# Sheldon's getting close



## Jasmillertime (Mar 23, 2010)

Was sent this picture yesterday. Almost there. Thanks Randy for the pic


----------



## RATLTRAP (Sep 16, 2009)

They won't open till it's full. Sux.


----------



## ruskeltheblackbassman (Jan 12, 2012)

Gettin close that's for sure!


----------



## agteacher (Jun 29, 2005)

No problem Jason--I was in the area.

Also snapped a picture of your favorite ducks to shoot!


----------



## fluffycharm (Jun 20, 2005)

*??*

Been here all my life...what happens when its full?


----------



## Jasmillertime (Mar 23, 2010)

fluffycharm said:


> Been here all my life...what happens when its full?


They unlock the gate and we get to fish


----------



## redduck (Jul 26, 2006)

I saw a couple of boats with fellows fishing last weekend. One was a small aluminum boat and the other a small two seat bass rig. I was not sure if you could do that.


----------



## srshafer (Dec 22, 2006)

I can't wait! I'm a little worried about how the fishing will be after what that place has been through, hoping for the best!


----------



## Kahoot (Aug 16, 2010)

Past by Sheldon the other day while heading to one of my stops. Icame in off of 90 and check the boat ramp which was closed as millertime said, proceeded towards Garret rd, made a right to check out the water level in the ditch and OH SH*%!!!! SLAMMED ON BRAKES, JUMPED OUT THE T
RUCK AND TOOK THESE PICS!!!









THIS BAD BOY WAS PUSHING 13 FEET!!!


----------



## bayou assassin (Feb 2, 2012)

were is this at?


----------



## pirogue man (Jul 13, 2005)

There are a number of them out there. I see a 10-12 footer up near the boat ramp everytime I go out there. I have popped him on the nose several times with my popping bug. Last ime I was out thre I was on an olive green malibu kayak and he started warning me with the usual display. Didn't dawn on me 'til I got home that the kayak, from his low view at the water line might very well have appeared like a big 'gator in his territory. I paddled over towards him and he disappeared. Go out there at night and shine a Q-beam across the water and you will see some ornage eyes - gators


----------



## alldaylong (Mar 6, 2011)

_*There was a rumor out for a while that Sheldon would be drained and used for residential properties, I guess that's all it was (a rumor)!!! *_


----------



## Jasmillertime (Mar 23, 2010)

bayou assassin said:


> were is this at?


It's top secret lol :spineyes:


----------



## big.joe.m (Aug 12, 2006)

*Do Not Get Caught!*

I honestly had no idea it was illegal to launch a small boat or canoe on Sheldon when the boat ramp is closed. No signs are posted stating NOT to, so I have been using a canoe for the last few weeks. I was shocked when my neighbor told me he received a citation for being out in his kayak. We had launched together, but I quit about an hour or so before him and thankfully did not get stopped or hasseled...

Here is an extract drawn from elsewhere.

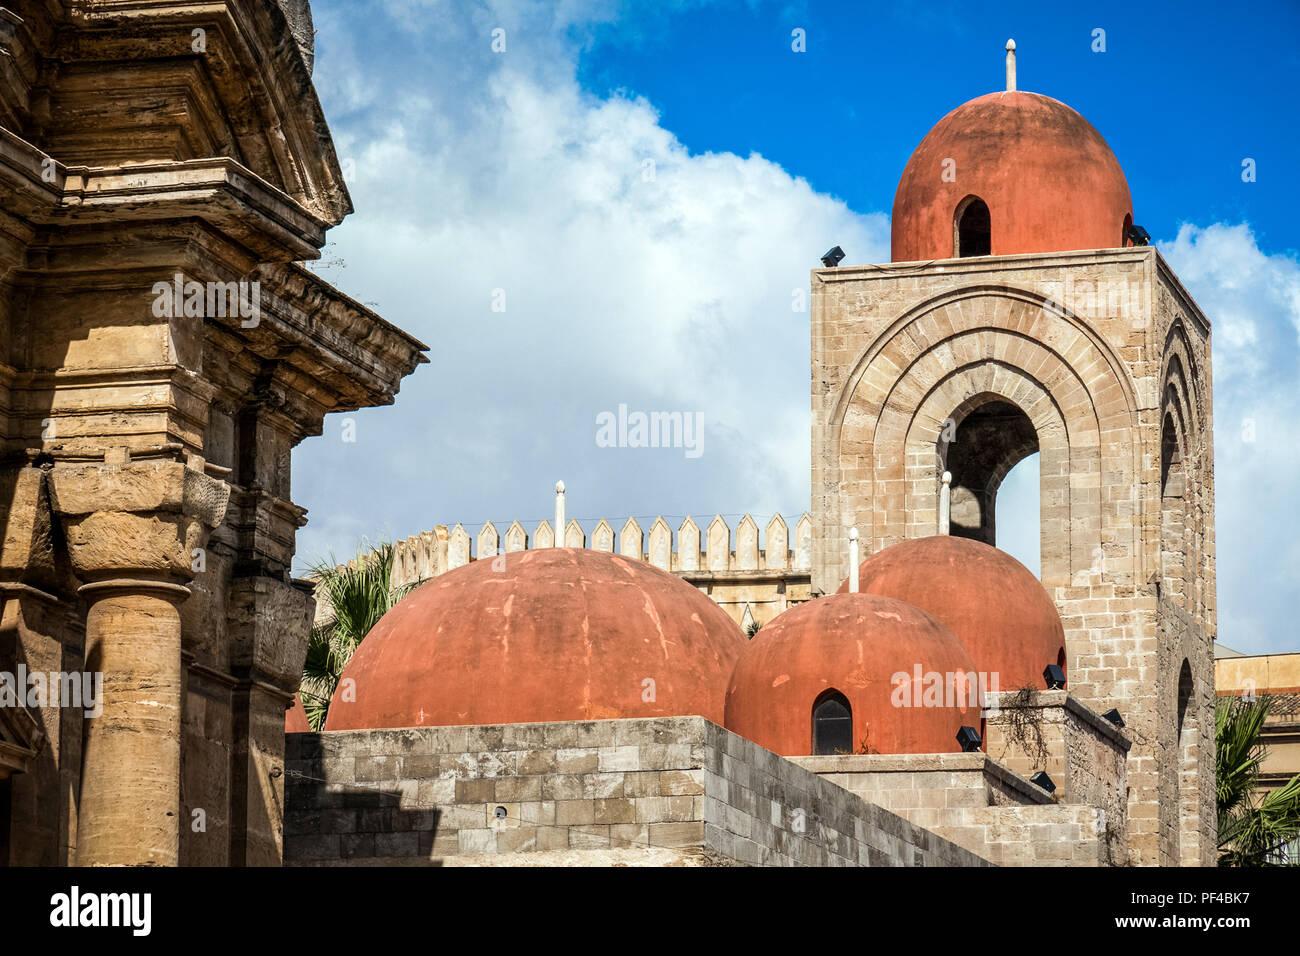 Italy, Sicily, Palermo, San Giovanni degli Eremiti exterior - Stock Image
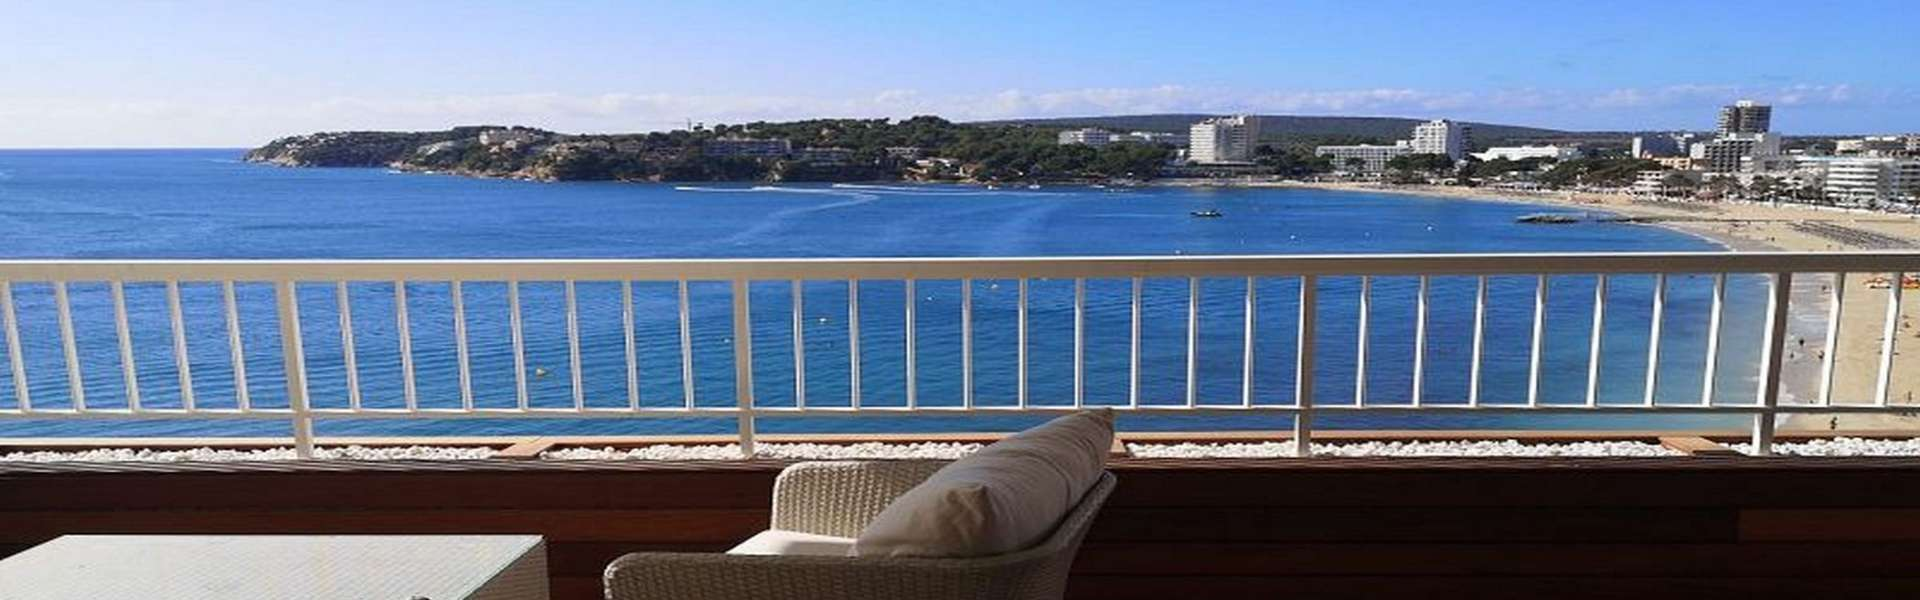 Calvia/Torrenova - Renoviertes Apartment direkt am Meer

He told me the officer stated that ignorance of the law was not an excuse. Wow, who would have thought!


----------



## quackills05 (Apr 29, 2011)

Man now is the time of year I love Sheldon the most. BIg girls get real easy to pattern.


----------



## redexpress (Apr 5, 2010)

I drove by Saturday morning just to look. Gate still locked at the ramp. Wind was howling, water chocolate brown with whitecaps. Water level about the same as the pics. However, I did notice a sign off Garrett Road in the area east of the bayou bridge saying: "Sheldon Lake Mitigation Project" ?
My one wall hanger came from Sheldon back in the 1980's. Just about this time of year....maybe time to go back......
I do like the rule change that you can idle around with a bigger than 10HP outboard.


----------



## baytownboy (Jul 24, 2009)

I used to fish from Garrett St bridge all the time, can you still fish from the bank now, or is it "closed now also"


----------



## shanesdad (Jun 3, 2011)

you can fish IF THERE'S ENOUGH WATER AND THAT **** GRASS HASN'T TAKEN OVER AGAIN


----------



## shanesdad (Jun 3, 2011)

alldaylong said:


> _*there was a rumor out for a while that sheldon would be drained and used for residential properties, i guess that's all it was (a rumor)!!! *_


heard they may drain it in an effort to get raid of all the non native plants ....grass and trees they started clearing out non native trees back before the drought started from what i was told is once all the non native trees were gone they would replant native trees but the call was made to hold off till the rains came back.


----------



## redexpress (Apr 5, 2010)

Looks like they ran a big right-of-way shredder/chipper through the trees off Garrett Rd. I guess they are trying to clear the tallows, etc. Back in the late 1950's and early 1960's the north end was a lot more clear. You could follow the bayou thru the cypress trees to the south. That was one excellent fishing spot until they drained it in the 1970's?, re-worked the levees, and stocked it with Florida bass. Hasn't been the same since. 
But I've made a promise to myself to get back to my roots...Sheldon Reservoir and Luces Bayou.


----------



## shanesdad (Jun 3, 2011)

back in the 70's when dad came home from south east asia he said he used to take a canoe from garret road all the way up to almost Lake Houston. till the day when he climbed back in to the canoe after doing some wading and saw a gator rise up right where he had just waded that was longer/larger than his canoe lol glad that gator wasn't hungry other wise I may not be here lol


----------



## redexpress (Apr 5, 2010)

There are/was some huge gators in there. I was told "back in the day" that when Hermann Park Zoo got overpopulated with gators they brought them to Sheldon. I wouldn't wade in there.......again. Lots of good old memories from Sheldon.


----------



## shanesdad (Jun 3, 2011)

back in the day growing up out there off of Garrett can't tell you how many logging trucks got fliped bc some big *** gator was up on the road warming itself during the night during winter. It would look like God himself reached down and shook the loggin truck like a box of tooth picks. was told on night on the way home from football practice by a family friend who was the first sheriff on site that the gators head was on one side of Garrett and his tail was hanging off the other....at the time I called bs but I have seen some monster gators in there


----------



## Midnight Splash (May 24, 2011)

Anyone recently fish Buckhorn Lake off of Garrett?


----------



## shanesdad (Jun 3, 2011)

thought it was still closed to the public and only open for privet party well other than one weekend every other month I think


----------



## Jasmillertime (Mar 23, 2010)

I drive by there often and it's been closed except for an occasional party. It's been closed more than open here lately


----------